[gclist] Precise GC's performance

Mike Spertus mps@geode.geodesic.com
Mon, 4 Mar 1996 17:50:22 -0600


> From maki!iecc.com!owner-gclist Fri Mar  1 05:03 CST 1996
> >Received: from miso.wwa.com by maki.wwa.com with smtp
> 	(Smail3.1.29.1 #3) id m0tsRg4-000rOBa; Fri, 1 Mar 96 04:03 CST
> Subject: Re: [gclist] Precise GC's performance
> To: gclist@iecc.com
> > The question is what kind of collector you have for precise collection.
> > If you have a generational collector then the malloc becomes faster than
> > an ordinary malloc. Substuting the null collector is not a fair test.
> > YAFL must somehow figure out how to free storage. That has a cost. Manual
> > adhoc methods of collection are often far more expensive than highly
> > the tuned ones you find in garbage collectors.
> 
> Please understand that this was not the issue of my experiment: the
> purpose here is not to measure the performance of GC vs a non-GC system,
> but to measure the performance penalty of a given GC design (precise)
> when compared with another approach (Conservative). The measure I made
> was related to what happens as long as GC is not required. It does not
> include any measure about GC itself.
> 
Actually, I believe Charles' answer is very relevant to your question.
One of the main differences between conservative and precise collection is
that precise GC can use copying collection. Copying collectors have a much
faster malloc than mark-sweep collectors. If collections rarely take place
(i.e. huge space overheads are allowed), collector performance is dominated
by allocator performance. In this case, copying collection and therefore
precise collection is faster than conservative collection. In the real
world, this is not very meaningful. I remember visiting the FOX project at
CMU (a TCP/IP stack written in ML), the speed of collection was excellent,
but the memory footprint of the TCP/IP stack was several tens of megabytes,
which is completely unacceptable for a real system.

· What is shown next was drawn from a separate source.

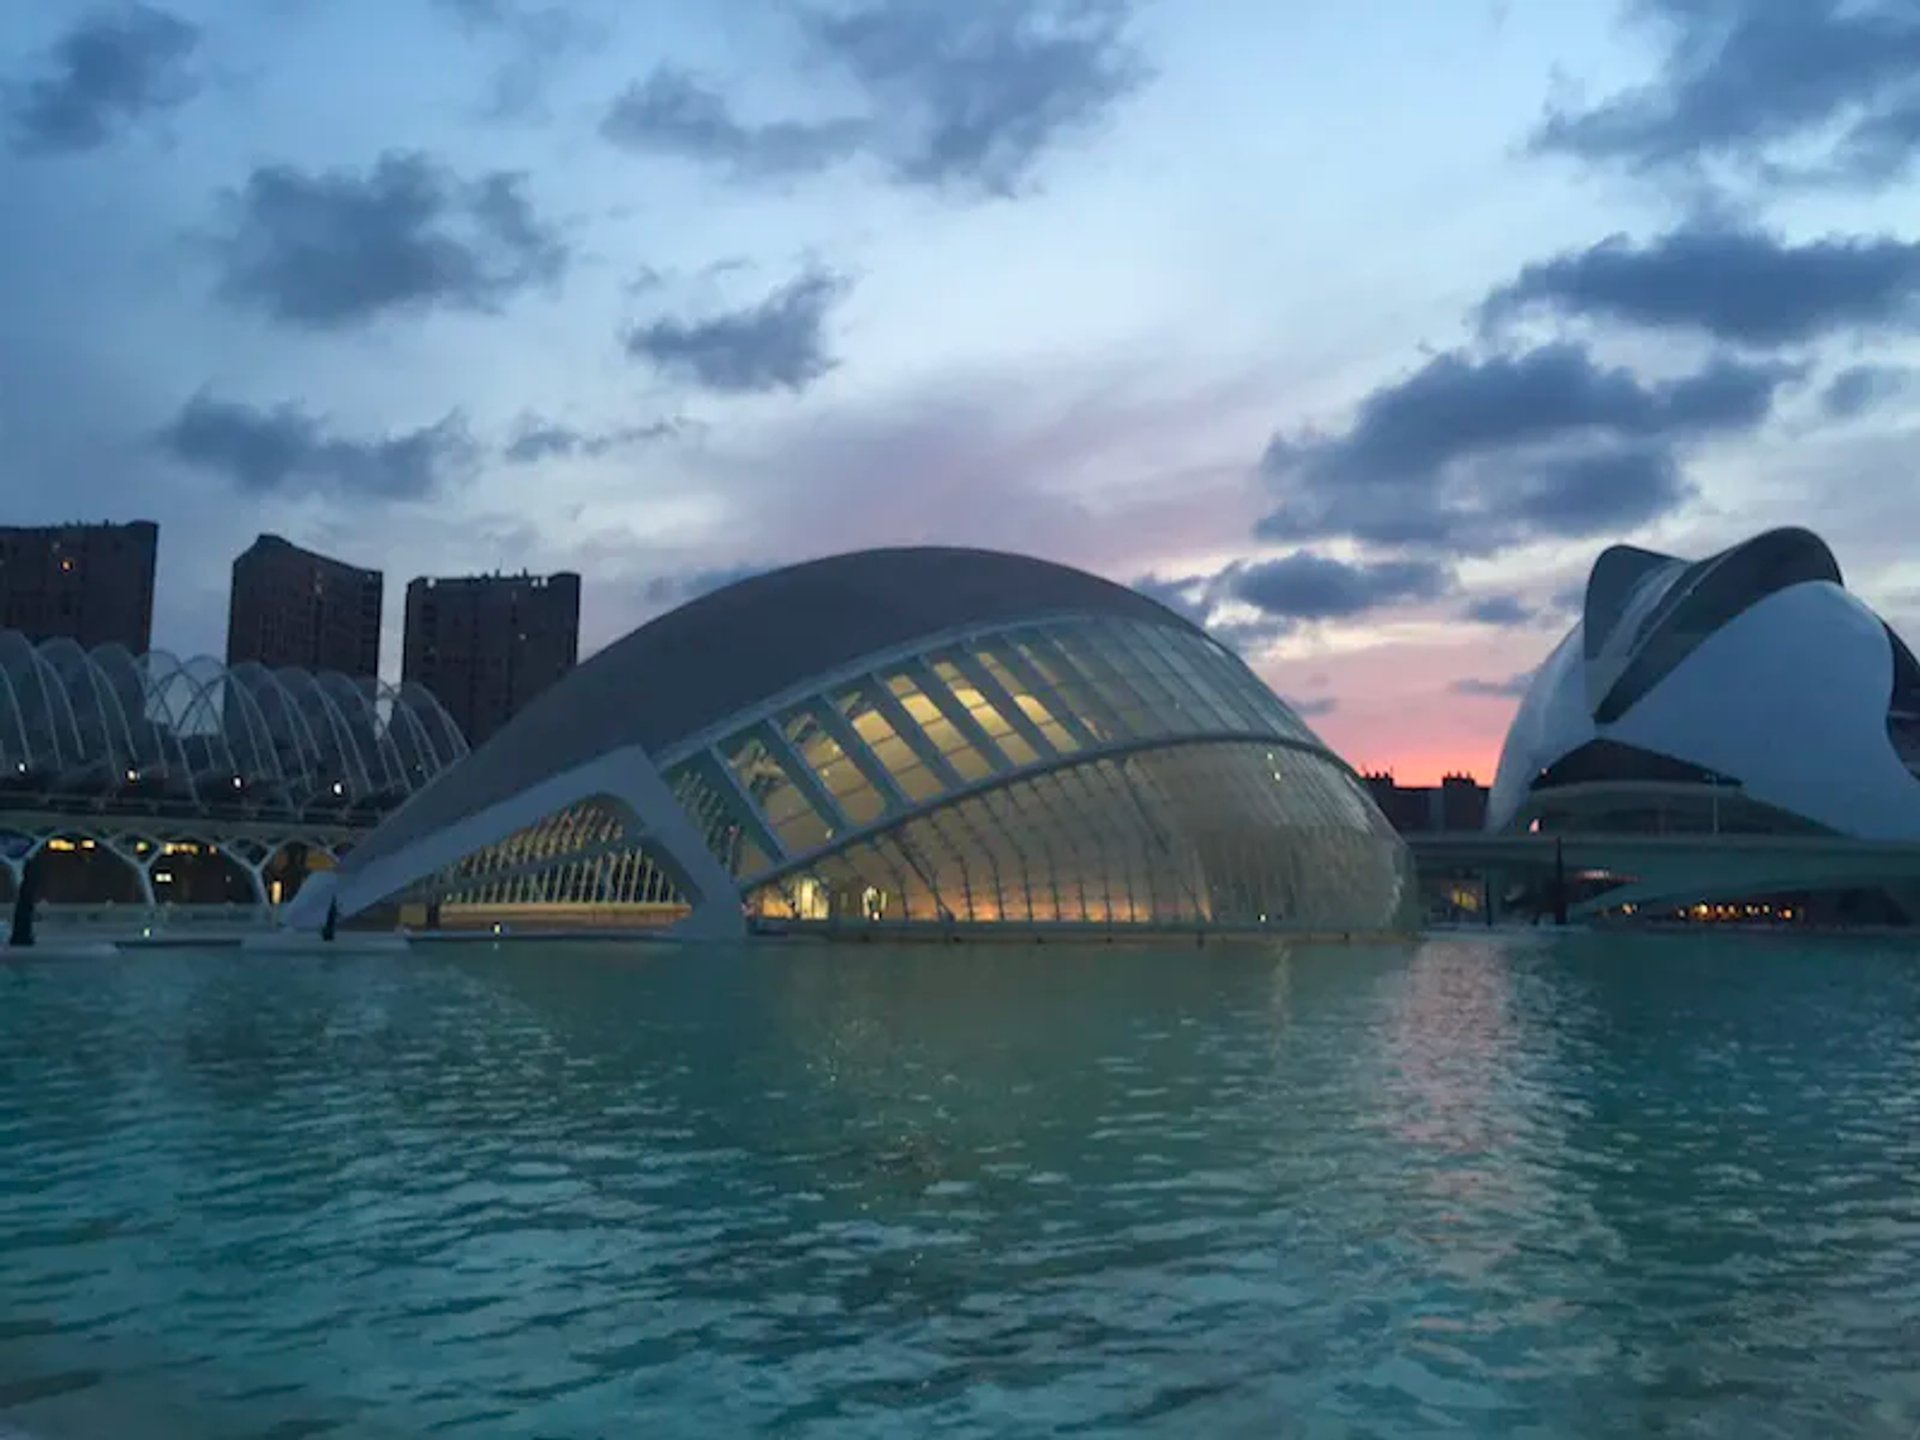 Valencia museum of science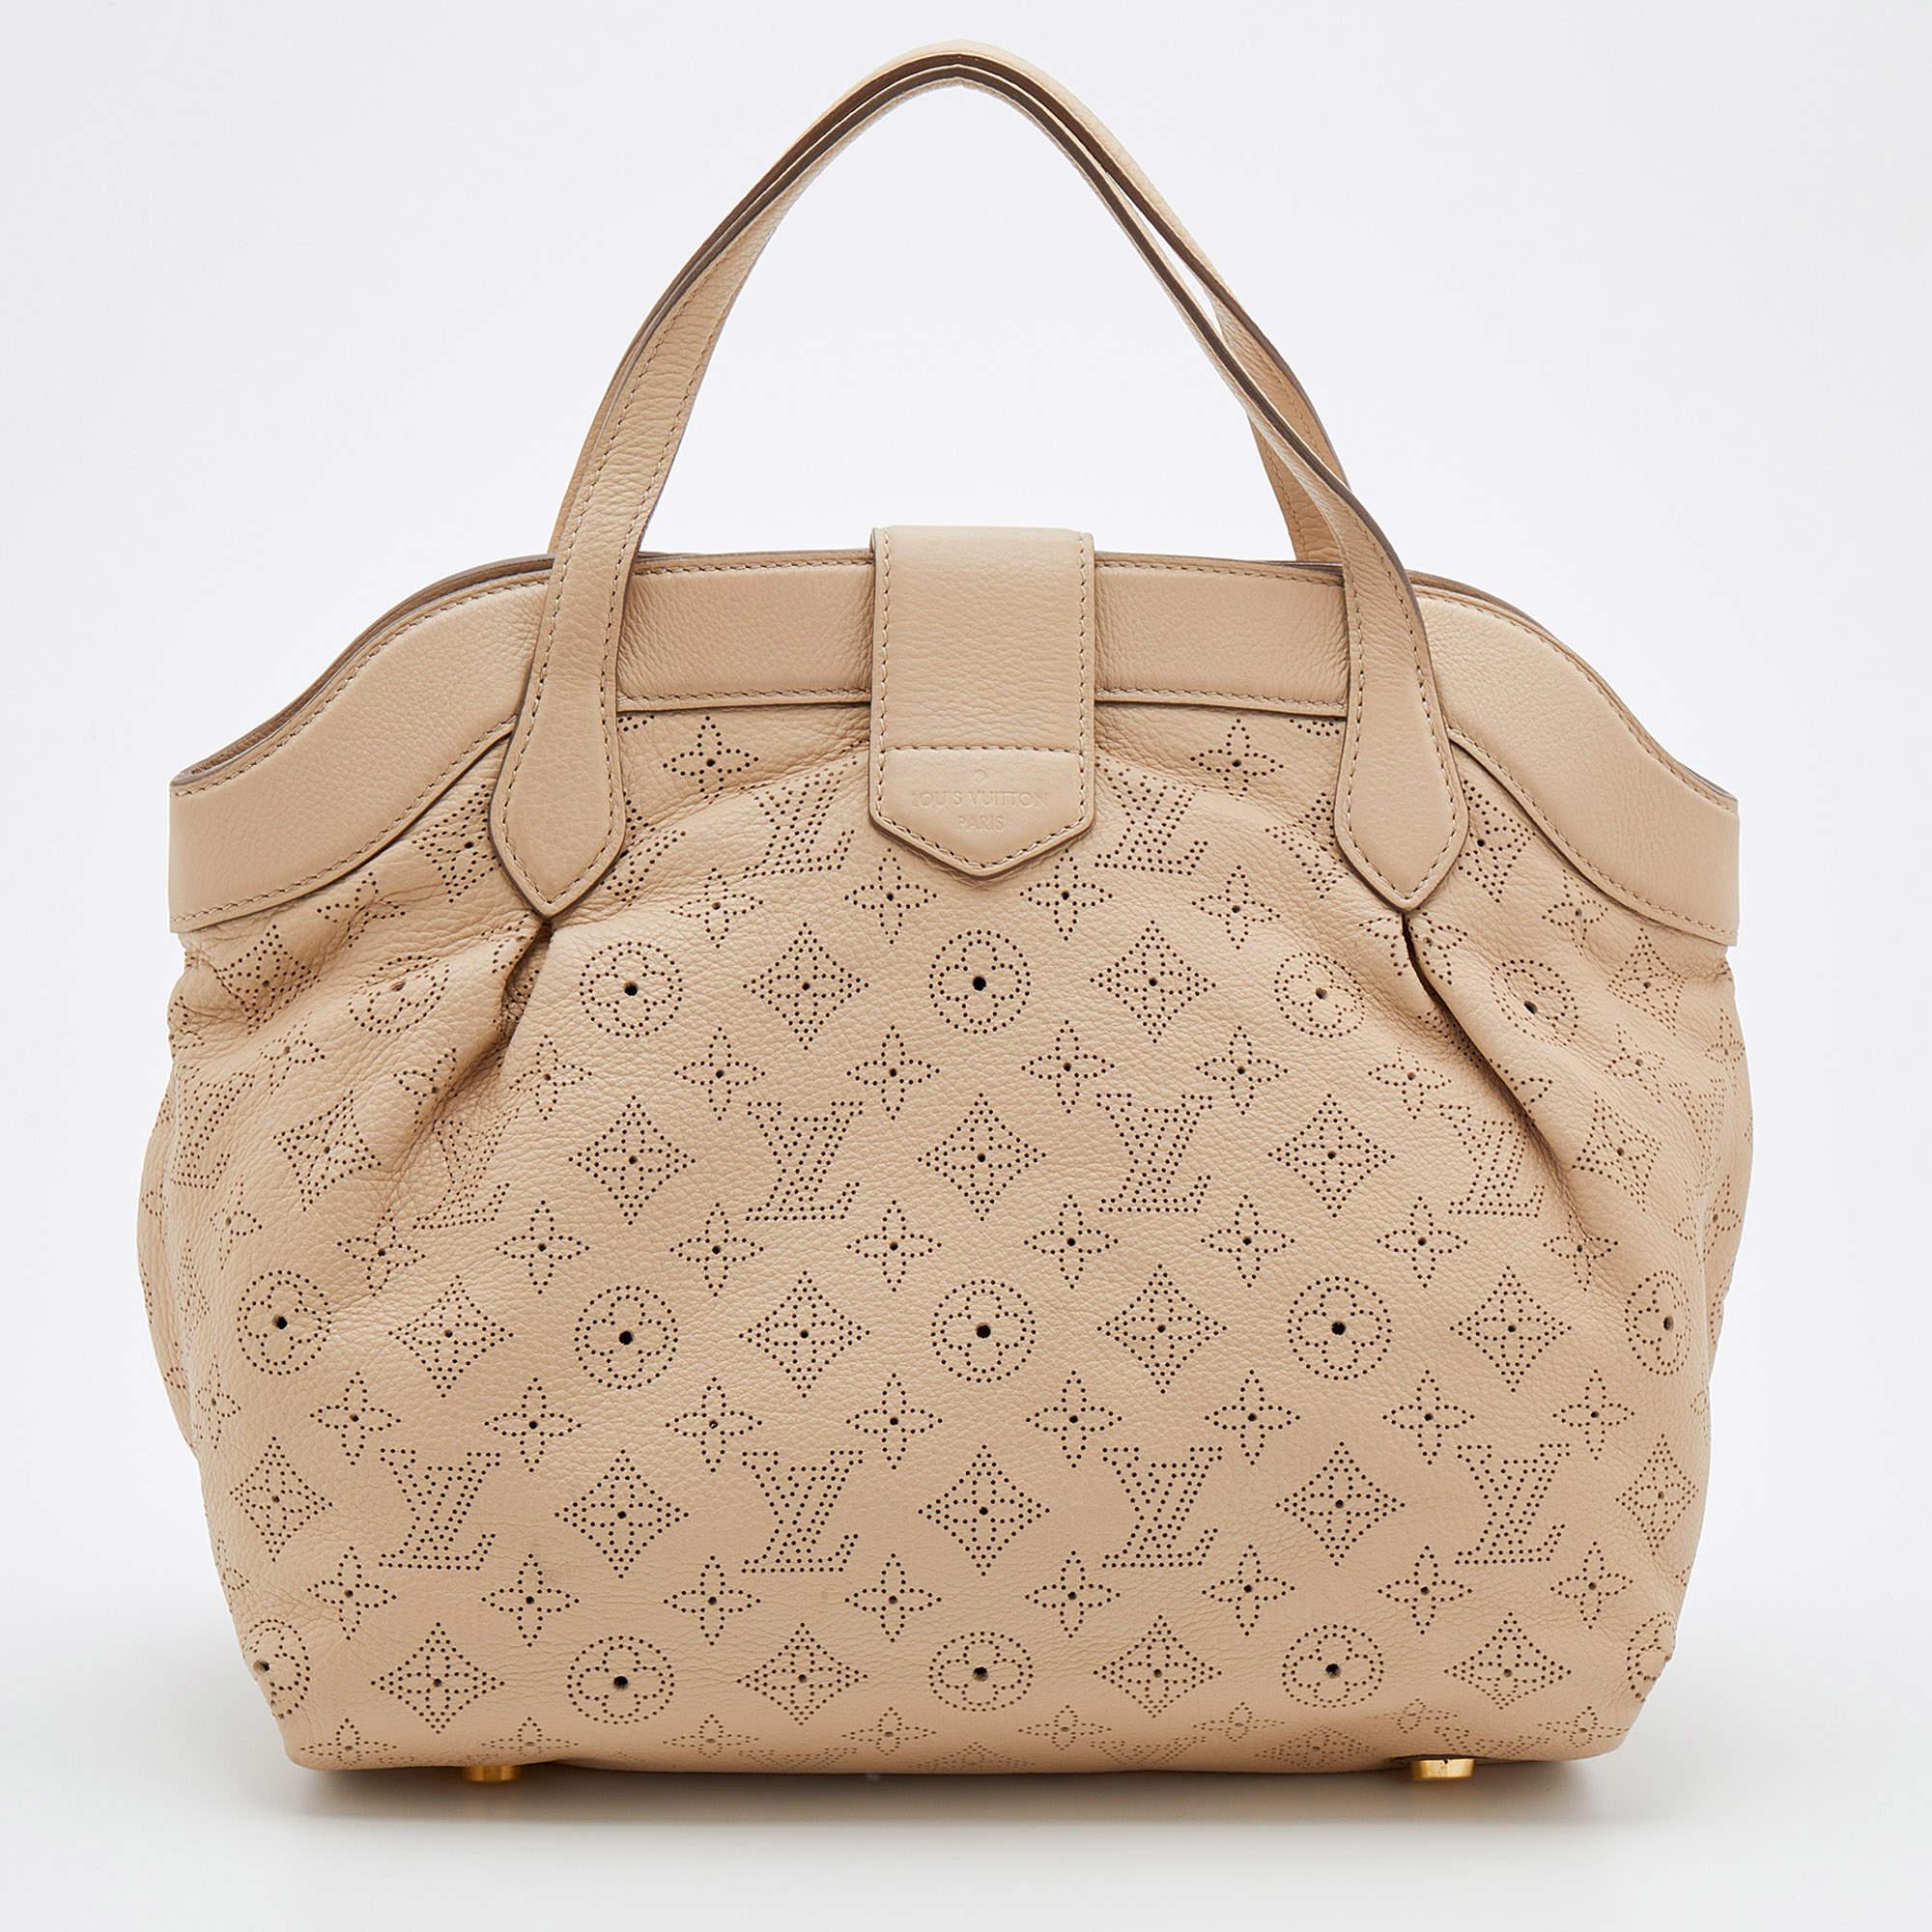 Louis Vuitton handbags are known for their unique designs that emanate the label's elegant flair and the label's immaculate craftsmanship makes their creations last season after season. Here is a stunning bag, meticulously crafted and stitched to

Conversely, if you require that the collector keep a very small space overhead,
then conservative collection is much faster because a mark-and-sweep collection 
cycle is cheaper because frequent collections force live data to be
greater than say 75% of total data, which nullifies copying collection's
theoretical advantage of only having to touch live data.

In multi-threaded environments, performance requirements almost demand
partially conservative operation or highly non-portable techniques like
implicit tags. (Creating local variables and register loads need to be
atomic).

What does this mean with respect to real world programs and performance
measurements that consider both space and time. Performance is essentially
comparable. In fact, conservative collection seems to be faster in practice
but there is not enough data to be certain. This much seems clear, though:
Unless your application and computer can tolerate extremely large space overhead 
and collect extremely infrequently, there will be no performance reason not to use 
conservative collection.

As Hans has pointed out, fragmentation does not appear to be a problem with
well implemented non-moving allocators.

A more significant factor in choosing between conservative and precise collections
is that extremely large heaps in a 32 bit environment may start to suffer from
pointer misidentification. A good rule of thumb with our collector is that heap
sizes over about twenty megabytes may well require leaf identification. Much
of the work we did in setting collector defaults was to allow for as large of
heap sizes as possible. So partial precision at least (i.e. identifying leaf objects)
becomes a significant concern for very large heaps. It is easy to imagine an
application with a 100 megabyte heap consisting entirely of small pointerful objects
(there are finesses that help collect large objects). Such an application would
require precise collection on the heap, although scanning the stack and registers
conservatively would be fine. Fortunately, programs that cannot be conservatively
collected are almost vanishingly rare. Although we have run into real-life
programs that require leaf detection, they are still quite uncommon.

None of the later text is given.